Full Cost Method of Accounting
The Company follows the full cost method of accounting for oil and gas property acquisition, exploration, and development activities. Under this method, all productive and non-productive costs incurred in connection with the acquisition of, exploration for, and development of oil and gas reserves for each cost center are capitalized. Capitalized costs include lease acquisitions, geological and geophysical work, day rate rentals, and the costs of drilling, completing and equipping oil and gas wells. However, costs associated with production and general corporate activities are expensed in the period incurred. Interest costs related to unproved properties and properties under development are also capitalized to oil and gas properties. Gains or losses are recognized only upon sales or dispositions of significant amounts of oil and gas reserves representing an entire cost center. Proceeds from all other sales or dispositions are treated as reductions to capitalized costs. The capitalized oil and gas property, less accumulated depreciation, depletion and amortization and related deferred income taxes, if any, are generally limited to an amount (the ceiling limitation) equal to the sum of: (a) the present value of estimated future net revenues computed by applying current prices in effect as of the balance sheet date (with consideration of price changes only to the extent provided by contractual arrangements) to estimated future production of proved oil and gas reserves, less estimated future expenditures (based on current costs) to be incurred in developing and producing the reserves using a discount factor of 10% and assuming continuation of existing economic conditions; and (b) the cost of investments in unevaluated properties are excluded from the costs being amortized.
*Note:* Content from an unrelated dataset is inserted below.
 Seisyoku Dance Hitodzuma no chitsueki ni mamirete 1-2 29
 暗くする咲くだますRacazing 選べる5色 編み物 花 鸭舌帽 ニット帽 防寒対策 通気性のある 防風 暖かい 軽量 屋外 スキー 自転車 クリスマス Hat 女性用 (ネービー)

Oil and Gas Reserves/Depletion Depreciation & Amortization of Oil and Gas Properties
The capitalized costs of oil and gas properties, plus estimated future development costs relating to proved reserves and estimated costs of plugging and abandonment, net of estimated salvage value, are amortized on the unit-of-production method based on total proved reserves. The costs of unproved properties are excluded from amortization until the properties are evaluated, subject to an annual assessment of whether impairment has occurred.
The Company's proved oil and gas reserves as of December 31, 2008 were determined by LaRoche Petroleum Consultants, Ltd. Projecting the effects of commodity prices on production and timing of development expenditures includes many factors beyond the Company's control.
The future estimates of net cash flows from the Company's proved reserves and their present value are based upon various assumptions about future production levels, prices, and costs that may prove to be incorrect over time. Any significant variance from
assumptions could result in the actual future net cash flows being materially different from the estimates.
Asset Retirement Obligations
The Company is required to record the effects of contractual or other legal obligations on well abandonments for capping and plugging wells. Management periodically reviews the estimate of the timing of the wells' closures as well as the estimated closing costs, discounted at the credit adjusted risk free rate of 8%. Quarterly, management accretes the 8% discount into the liability and makes other adjustments to the liability for well retirements incurred during the period.